Various low power datapath scheduling techniques have been reported in the literature. A scheduling algorithm using "shut-down" technique, multiplexor reordering and pipelining has been developed in [1]. This system minimizes switching capacitance for power minimization. Scheduling and resource binding algorithms are developed in [2], which reduces power by reducing activity of functional units by minimizing transition of operands. A multiple supply voltage scheduling algorithm called MOVER is presented in [3], which uses ILP formulations. A dynamic programming technique for multiple supply voltage scheduling is discussed in [4]. A low power datapath synthesis system called SCALP is discussed in [5], which uses voltage scaling and capacitance reduction. A time constrained multiple voltage scheduling technique is proposed in [6]. A resource constrained scheduling algorithm with multiple supply voltages is given in [7] which helps in reducing power using multiple supply voltages. In [8], a resource and a latency constrained list-based scheduling algorithms with multiple supply voltages are discussed.

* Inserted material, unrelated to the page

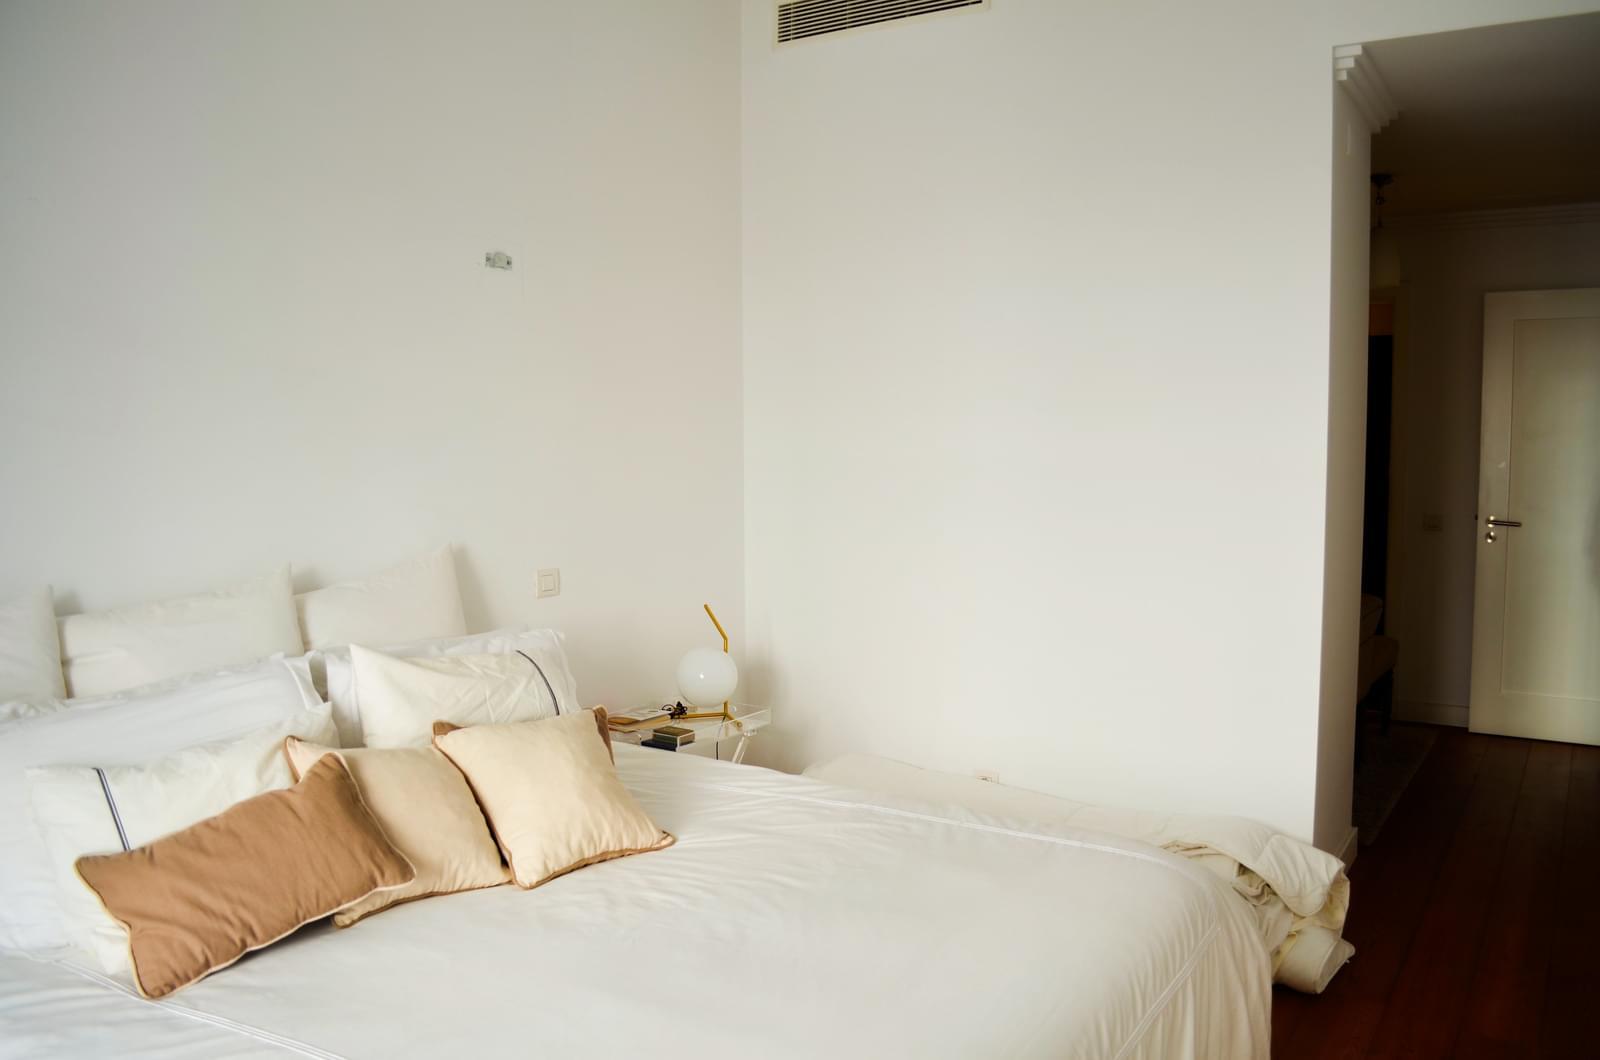 pf18712-apartamento-t2-lisboa-ed089180-3024-4a48-b586-9653f6c1a2ce
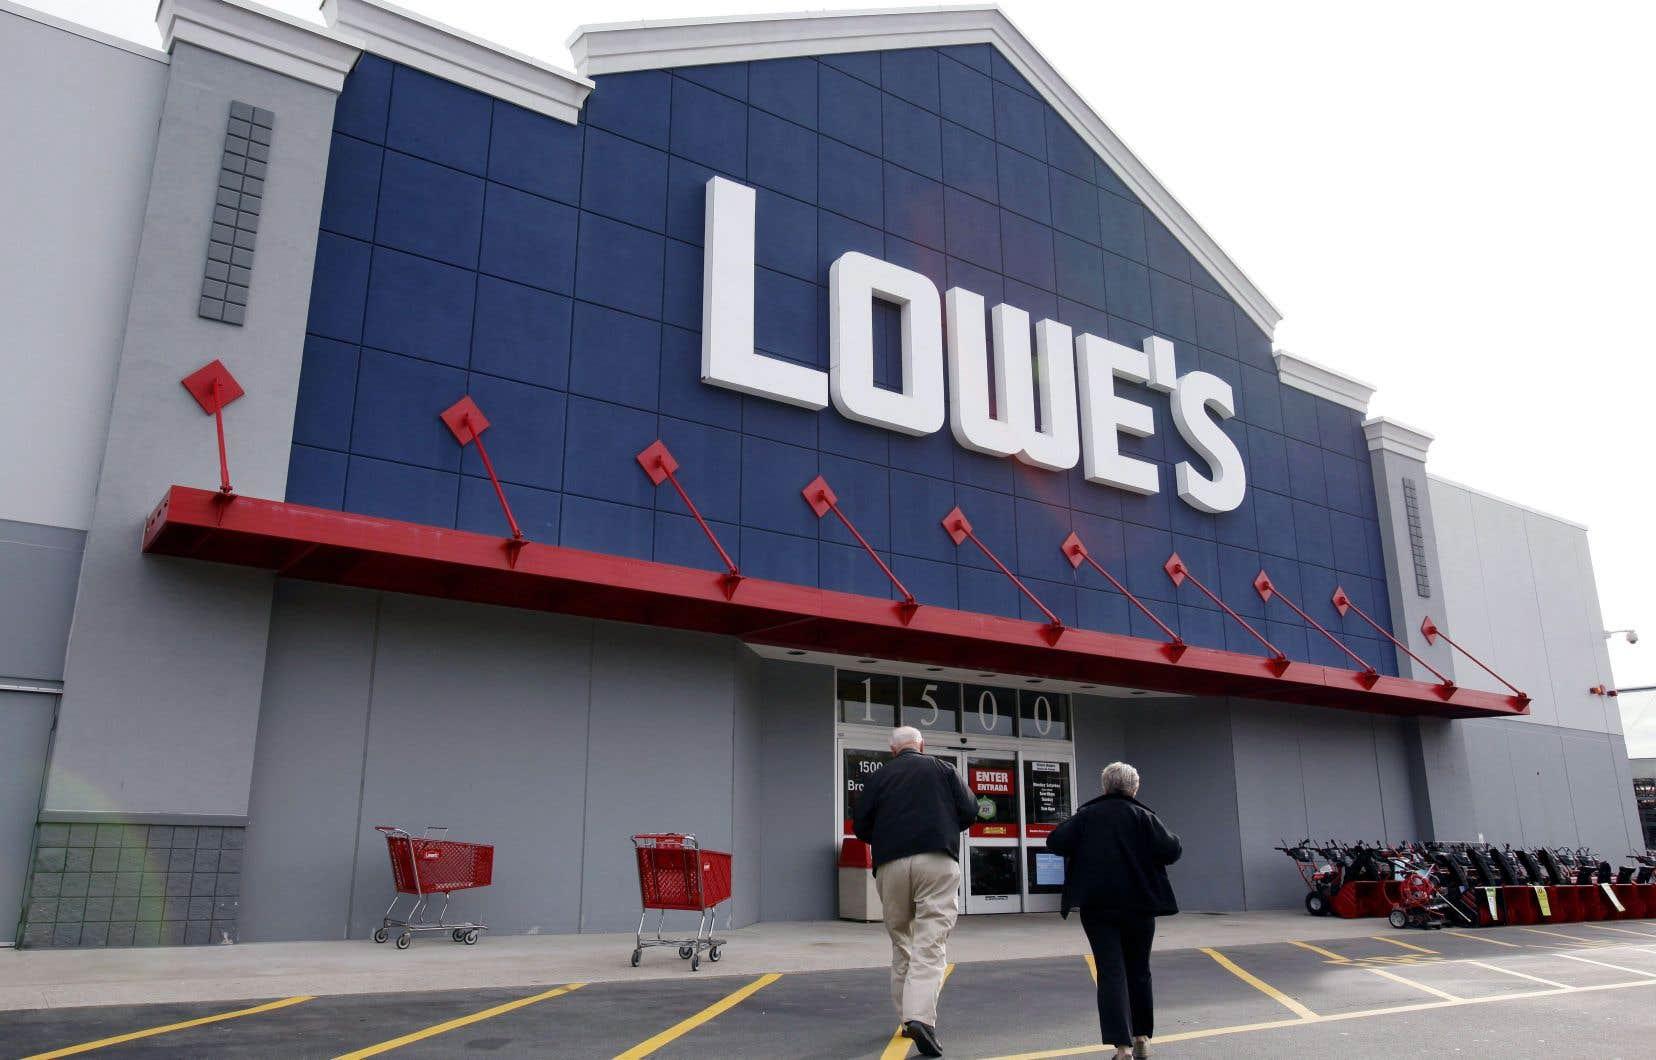 Au cours de la période de trois mois terminée le 31janvier, Lowe's a renoué avec la rentabilité en générant un bénéfice net de 509millions $US.

The above scheduling techniques are based on a single clock frequency and consider multiple supply voltages, voltage scaling, capacitance reduction, and switching activity reduction. Recently, use of dynamic frequency clocking or frequency scaling alongwith multiple supply voltages has been investigated in developing low power or high performance VLSI systems [9, 10, 11]. It is evident that by scaling frequency and voltage in a coordinated manner, both energy and power can be saved while maintaining performance. In [12], a heuristic algorithm is proposed for low power scheduling using multiple supply voltages and dynamic clocking. In this work we describe an ILP based algorithm that uses multiple supply voltages and dynamic clocking to minimize EDP.

#### 2. ILP FORMULATION TO MINIMIZE EDP

For a data flow graph (DFG), let us assume : (i) NCC = total number of control steps, (ii)  $NR_c$  = number of resources active in control step c, (iii)  $f_c$  = cycle frequency, (iv)  $\alpha_{i,c}$  = switching at resource i operating in control step c, (v)  $C_{i,c}$  = load capacitance of resource i operating in control step c and (vi)  $V_{i,c}$  = operating voltage of resource i operating in control step c. The total energy consumption of the whole DFG is given by Eqn. 1. The level converters are considered as resources operating in the control step in which it needs to step up signal. The dynamic clocking unit (DCU) is responsible for generating dynamic clock is considered as a resource operating in all the control steps. The energy consumptions of the level converters and DCU are included.

$$E_D = \sum_{c=1}^{NCC} \sum_{i=1}^{NR_c} \alpha_{i,c} C_{i,c} V_{i,c}^2$$
(1)

The critical path delay of the DFG is given by the summation of the inverse of the clock frequencies. The energy delay product can be calculated as the product of the total energy consumption and the critical path delay as shown in the following equation.

$$EDP_D = \sum_{c=1}^{NCC} \sum_{i=1}^{NR_c} \frac{\alpha_{i,c} C_{i,c} V_{i,c}^2}{f_c}$$
(2)

This would serve as an objective function for the scheduling algorithm. It may be noted that for single frequency and single frequency mode of operation,  $V_{i,c}$  and  $f_c$  are the same for any clock cycle (c) and operation (i).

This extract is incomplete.